En nuestro caso, como en todos los regímenes totalitarios, la responsabilidad se extiende a toda la población; todos en cierta medida tenemos alguna culpa, ya bien sea por acción u omisión; es por eso que la reconciliación tiene que empezar dentro de nosotros. Tenemos que asumir nuestras faltas y proponernos cambiar. No habrá una auténtica Reconciliación Nacional, si antes no somos capaces de reconciliarnos con nosotros mismos; sin ese exorcismo colectivo, en donde la verdad sea lo más importante, nuestra nación continuará expuesta a los caudillos carismáticos y a las bajas pasiones que éstos son capaces de despertar.

Los responsables de crímenes y graves abusos deben ser juzgados; los presuntos juzgados deberán enfrentar sus faltas ante la Nación, con todas las garantías procesales, juicios limpios y juzgados por tribunales independientes, con autoridad moral para buscar Justicia y Reconciliación Nacional es el de la Comisión de la Verdad. El “Grupo de Trabajo Memoria, Verdad y Justicia” la define de la siguiente manera: “Un organismo oficial y temporal cuyo contenido es investigar una determinada pauta de abusos registrados a lo largo de muchos años”. Los resultados de estas comisiones en los diferentes países en los que han operado, rebasan la brevedad a la que estamos obligados en este trabajo, sólo señalaré que no sería beneficioso para Cuba, que la Comisión de la Verdad que pudiéramos instalar en nuestro querido país, operara sólo desde el poder, ocúpelo quien lo ocupe; sin un involucramiento efectivo de la Sociedad Civil. Este organismo podría ser dañino, o en el mejor de los casos inocuo, provocando en la población un sentimiento de frustración nada saludable para la construcción de una sociedad democrática.

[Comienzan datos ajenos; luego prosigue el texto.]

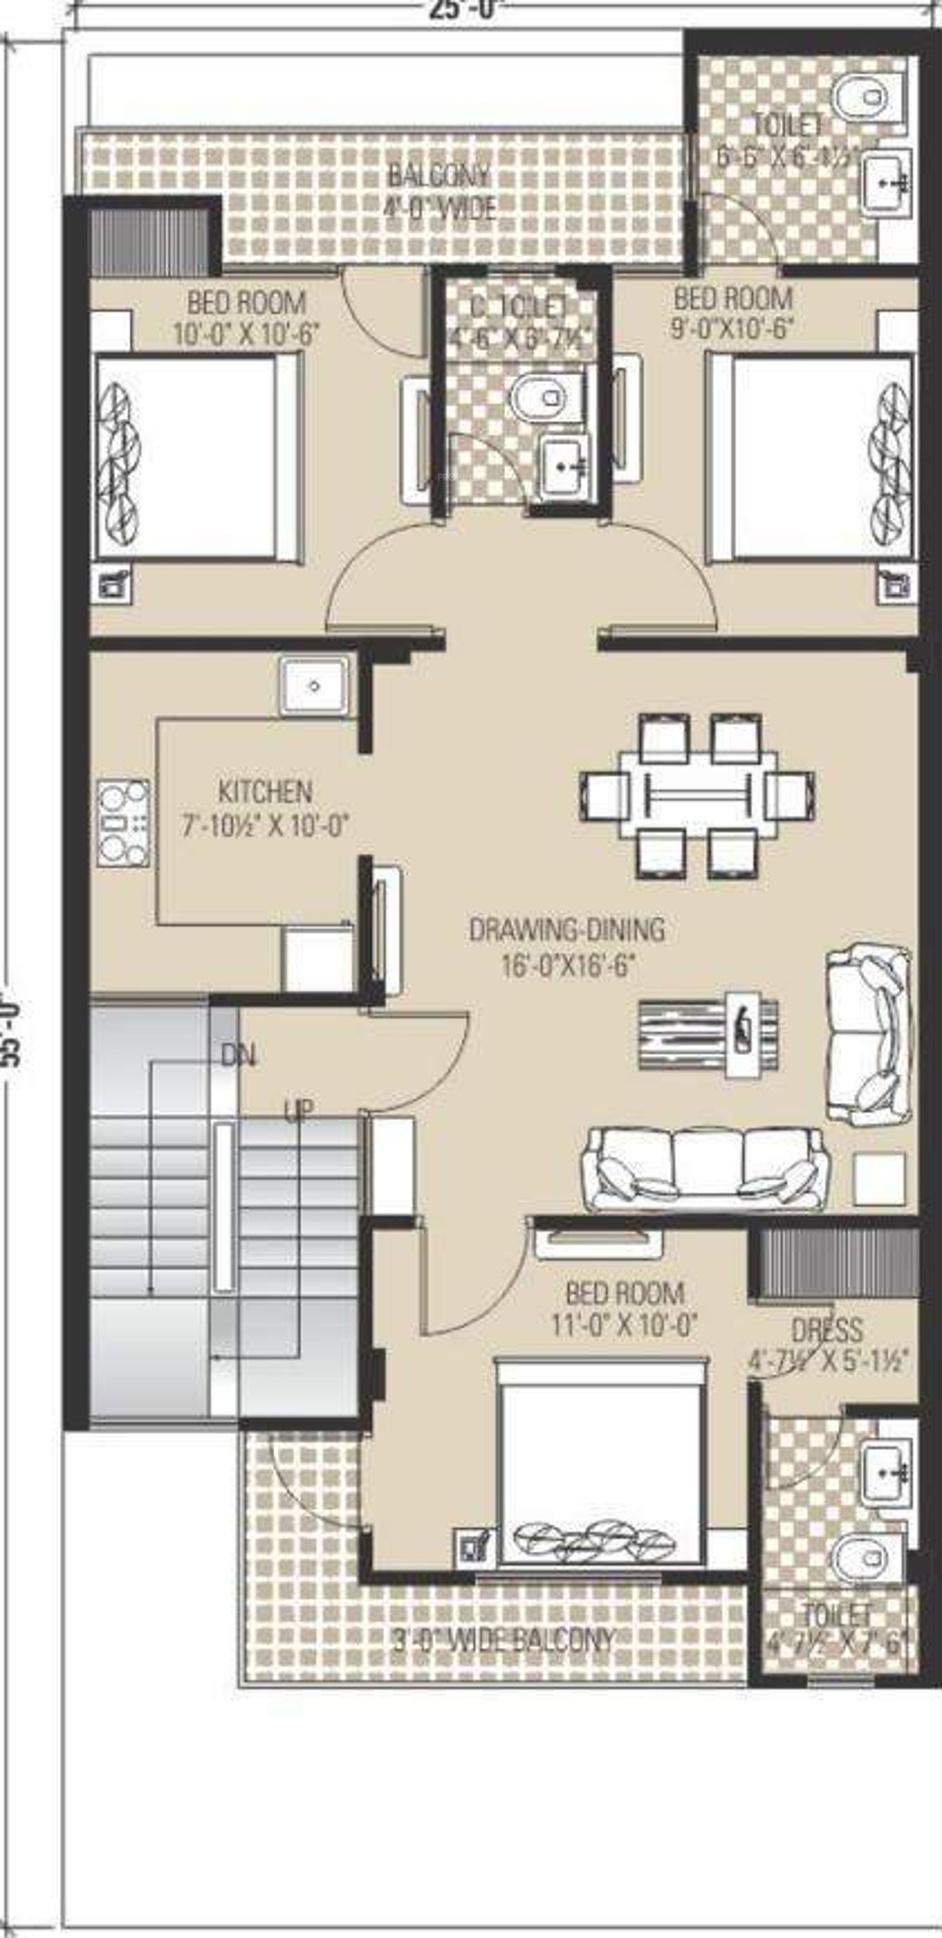 Anukriti the empyrean apartments in bhankrota jaipur for 12th floor apartments odessa

Comparto el criterio del profesor Luis Aguilar León de ver a Cuba como: “El proyecto capaz de dar largo salto sobre el presente” como “esa motivación colectiva que pueda superar la coyuntura más terrible y aunar las energías del pueblo cubano para reanudar la penosa marcha hacia un futuro mejor”. Un proyecto para que por primera vez en nuestra historia caminen en total armonía medios y fines; para superar la violencia y el odio; para despertar la conciencia cívica. Sólo cuando seamos capaces de realizar ese proyecto, sólo entonces, podremos estar seguros de que llegó la hora de la Justicia y la Reconciliación Nacional.
Fin

Bibliografía:

Aguilar León, Luis: Reflexiones sobre Cuba y su futuro. Ediciones Universal. Miami, Florida, 2003.

Castro, Fidel: El pensamiento de Fidel Castro. Selección temática, tomo 1, volumen 1. Editora Política. La Habana, 1983.

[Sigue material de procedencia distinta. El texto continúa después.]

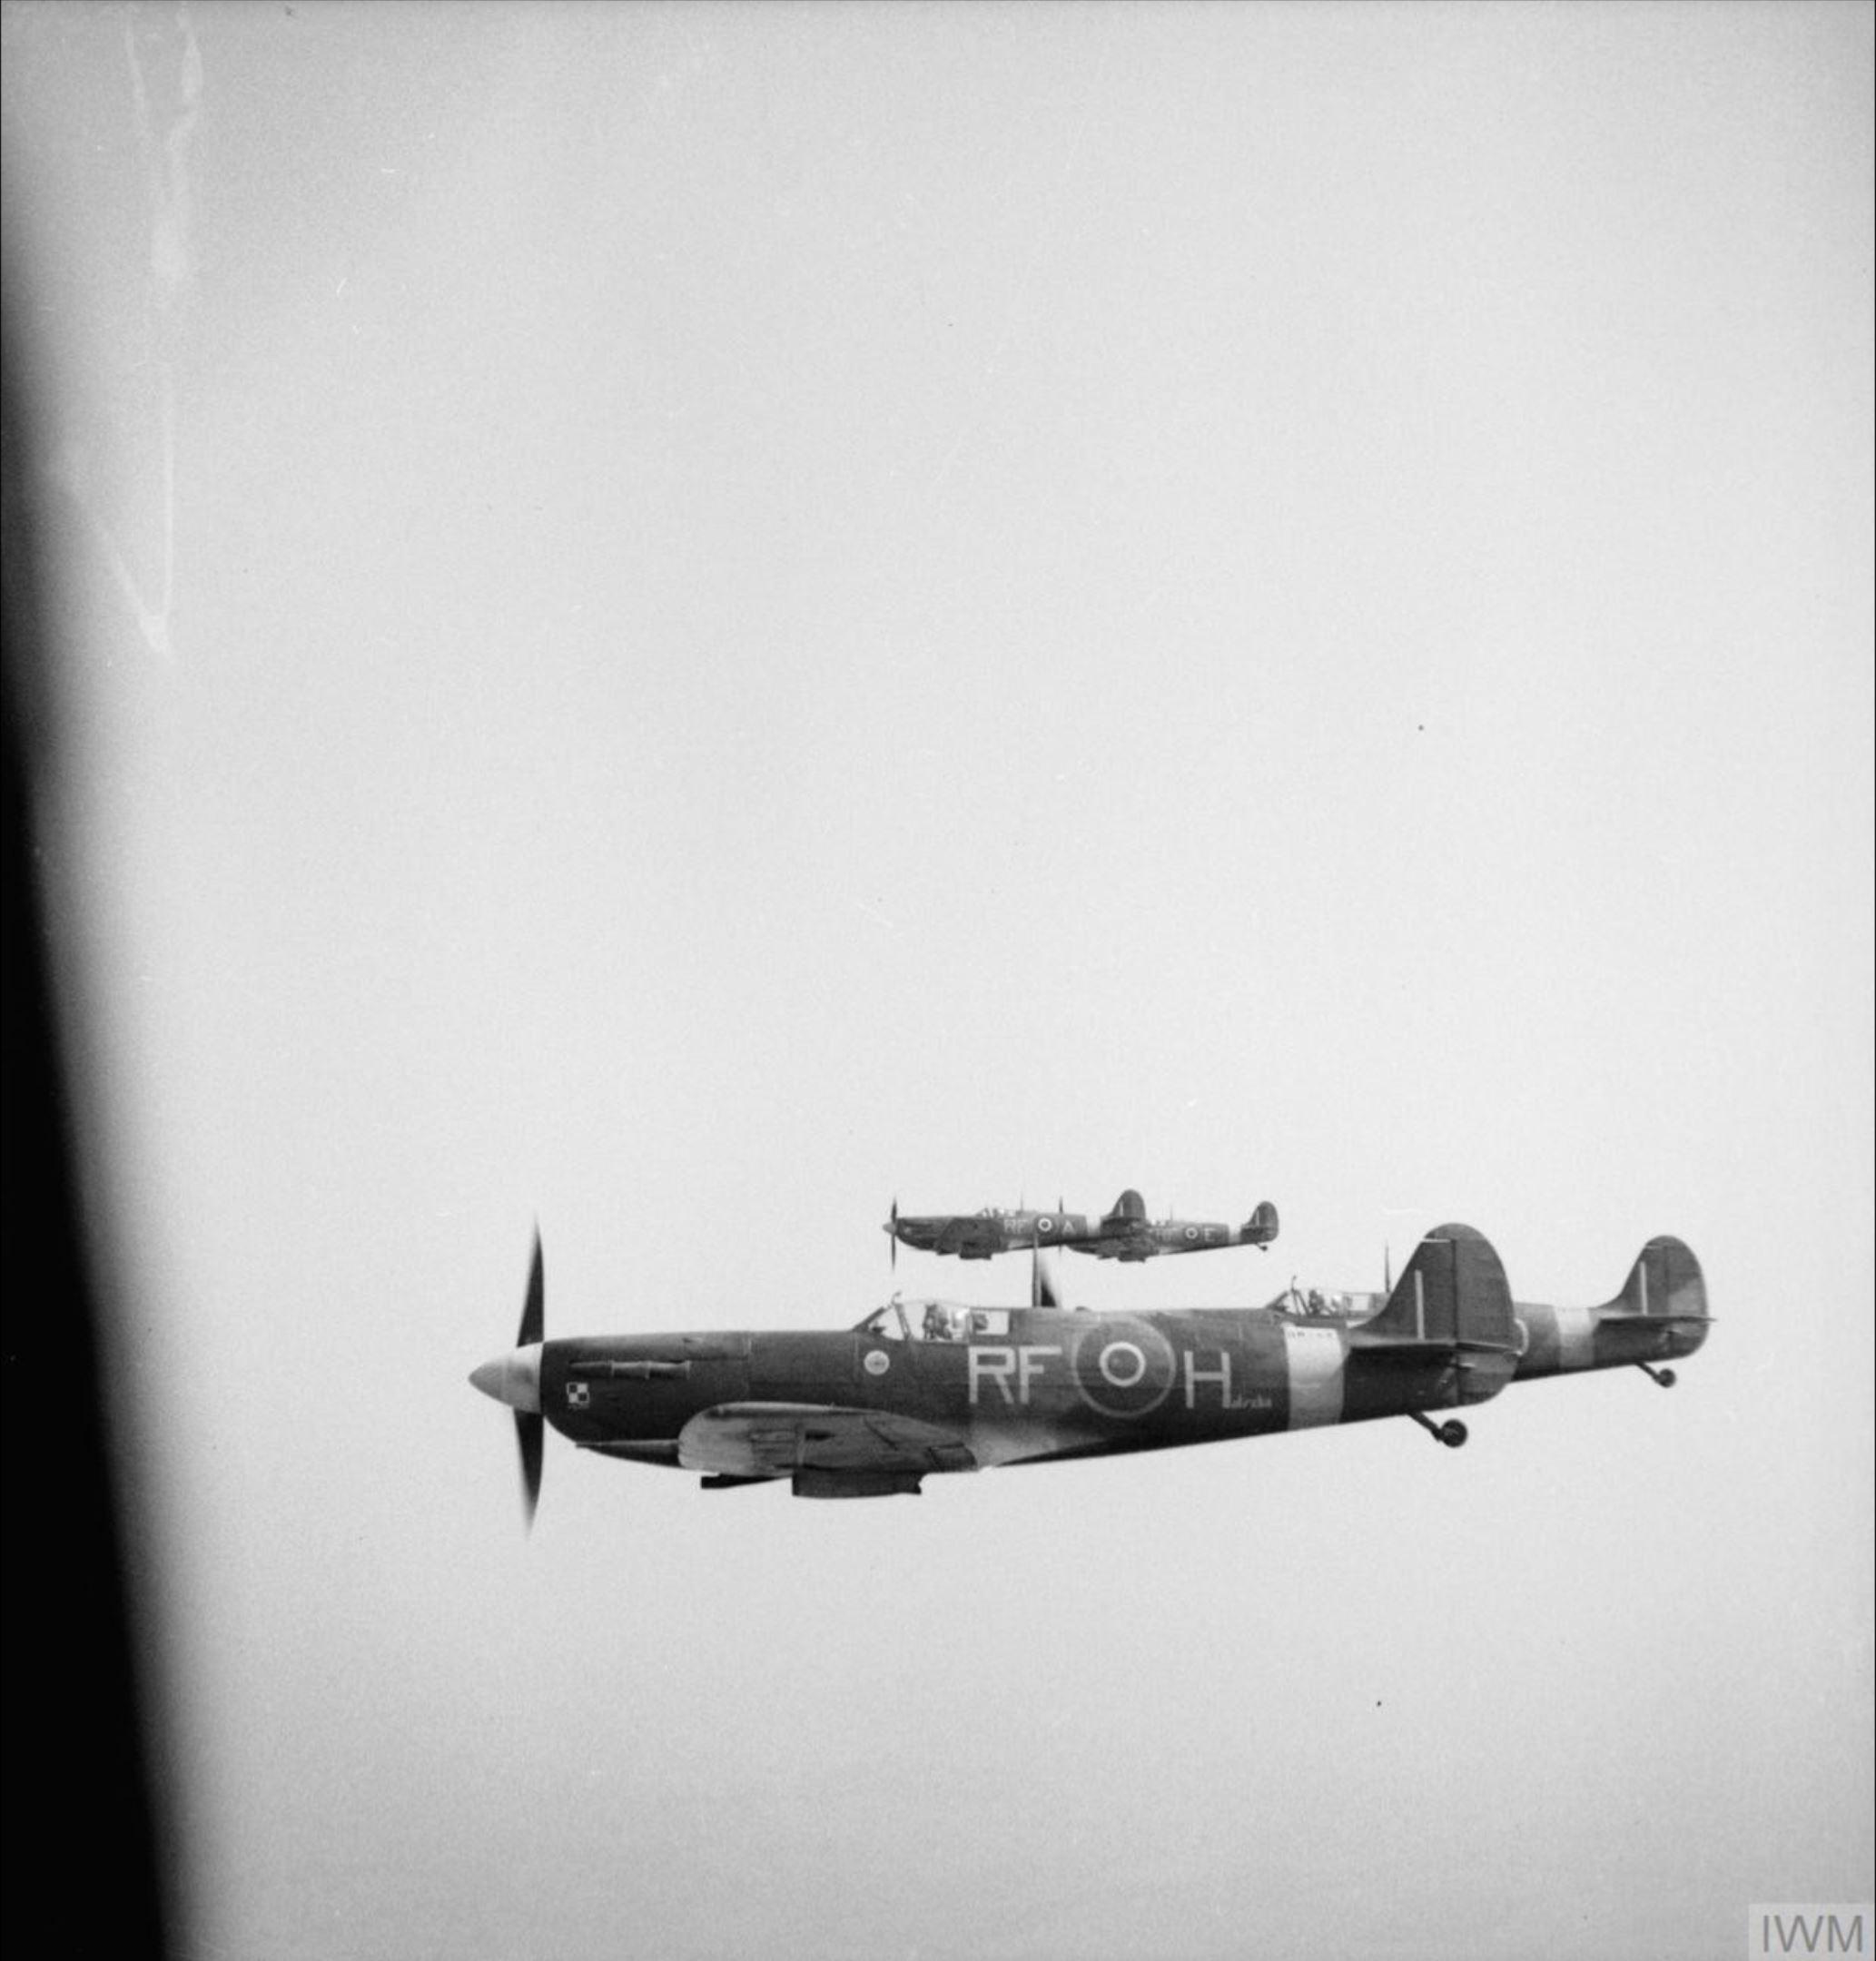 Spitfire MkVb RAF 303 Polish RFH BM144 escorting a B 17 carrying Montgomery 17th May 1943 IWM 01

De la Osa, Enrique: En Cuba. Primer Tiempo. 1943-1946. Editorial de Ciencias Sociales. La Habana,1975.

Grupo de Trabajo Memoria, Verdad y Justicia. Cuba la Reconciliación Nacional. Centro para América Latina y el Caribe. Universidad Internacional de la Florida, 2003.

Martí, José: Obras Completas. Tomo 9. Editorial de Ciencias Sociales. La Habana, 1975.